When I was 6 months pregnant, we made the decision to move back to the UK to live with family for the remainder of my pregnancy. Looking back now this decision to fly home gave me a short-term goal and a purpose to work towards. The doctors made a plan for 4 weeks of improvement before they would give me the all-clear to fly to the UK. We flew home business class as this allowed me to lie down and sleep – there was no way I could have done the flight sat up. The stopover in Abu Dhabi was awful as I felt so ill. I didn't think I could complete the second leg of the flight and I still don't know how I did it!
The last few months of my pregnancy were hard, I'd left my job, my friends, my house in a city I loved, and I felt like I’d lost myself.
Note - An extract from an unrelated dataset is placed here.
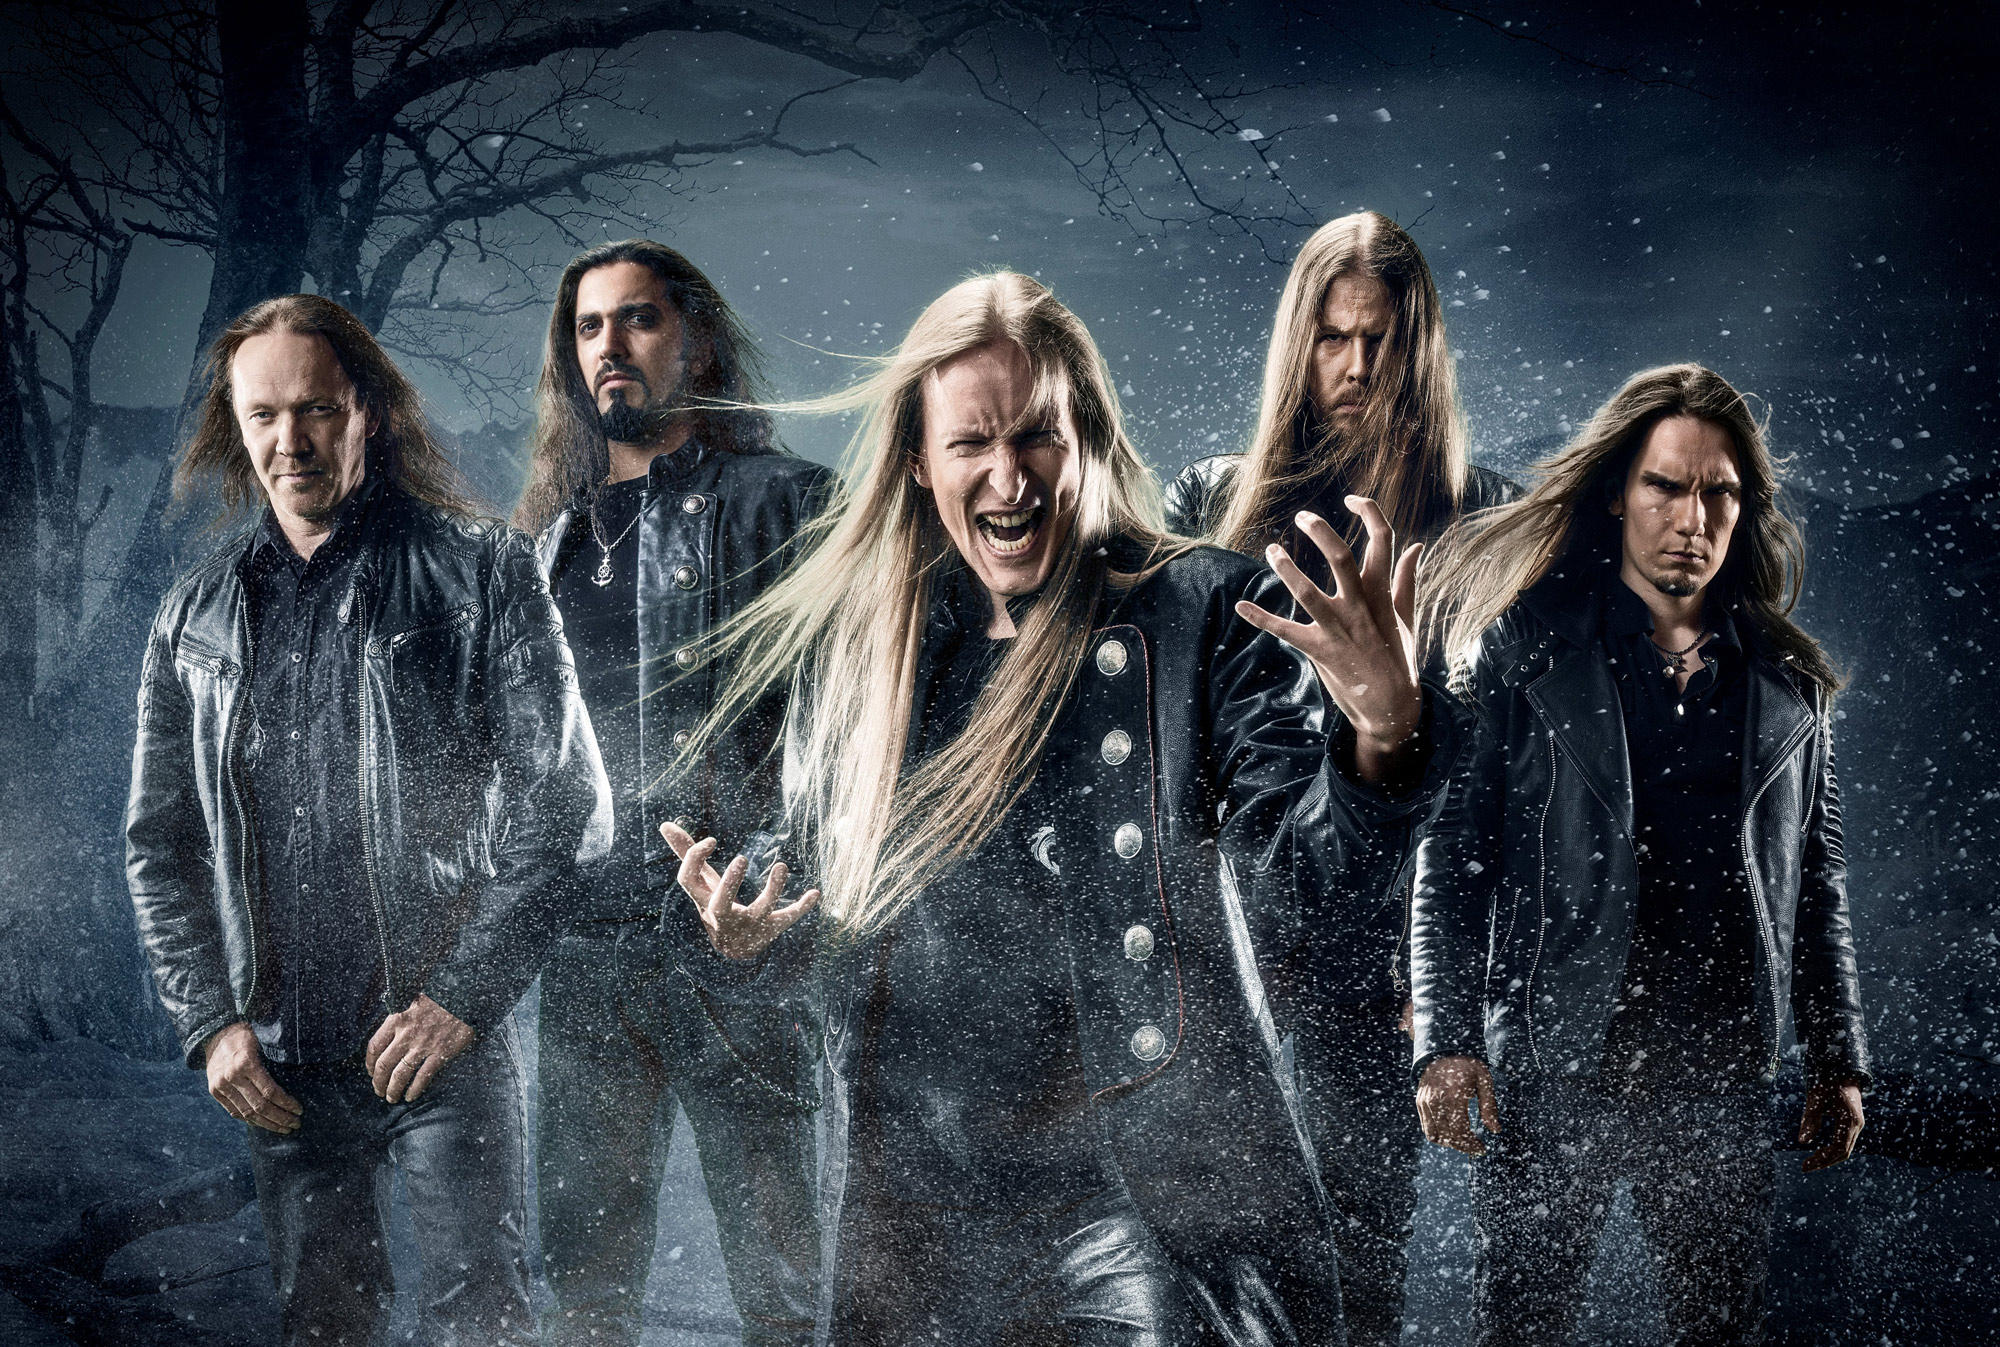 Video Interview: Metal Insider’s M.I Crowley speaks to Jukka and Asim of Wintersun

Sam's job in the UK was particularly challenging and stressful and we'd moved in with my parents as I still needed full-time care.
HG babies are usually born low-weight and due to my medication, I had to give birth on a ward where my son could be weaned from my medication. When Orson was born a week early, he was 9.4lb (4.3kg) - huge considering he was grown on steroids and Coca-Cola! It was an awful wet, stormy day in England and my labour was a long 48 hours with 2 blood transfusions after I lost consciousness from blood loss. After the birth, a large team of doctors came to my bed to tell me I’d feel rough for a few weeks after a traumatic labour. But I was grinning from ear to ear. I remember saying to them “That wasn’t traumatic, my pregnancy was traumatic. I’ve never felt better!” When they put my son on my chest my only thought was "It's over! I never have to be pregnant ever again!!!". The relief from the nausea was instant after I gave birth, I had forgotten what it had felt like to feel ‘normal’.
Sam, Orson and I are back living in Sydney now. We stayed in the UK for a year until we moved back just after Orson's first birthday. HG has had a huge effect on us - emotionally, financially, and also on my health. HG showed me who my heroes are – my HG heroes – my family, friends, and support network during the hardest time of my life. I try to look for positives in all situations and this experience taught me a resilience I didn't know I had, our relationship took on a level of strength we didn't know we had, and we somehow got to the finish line with our beautiful boy!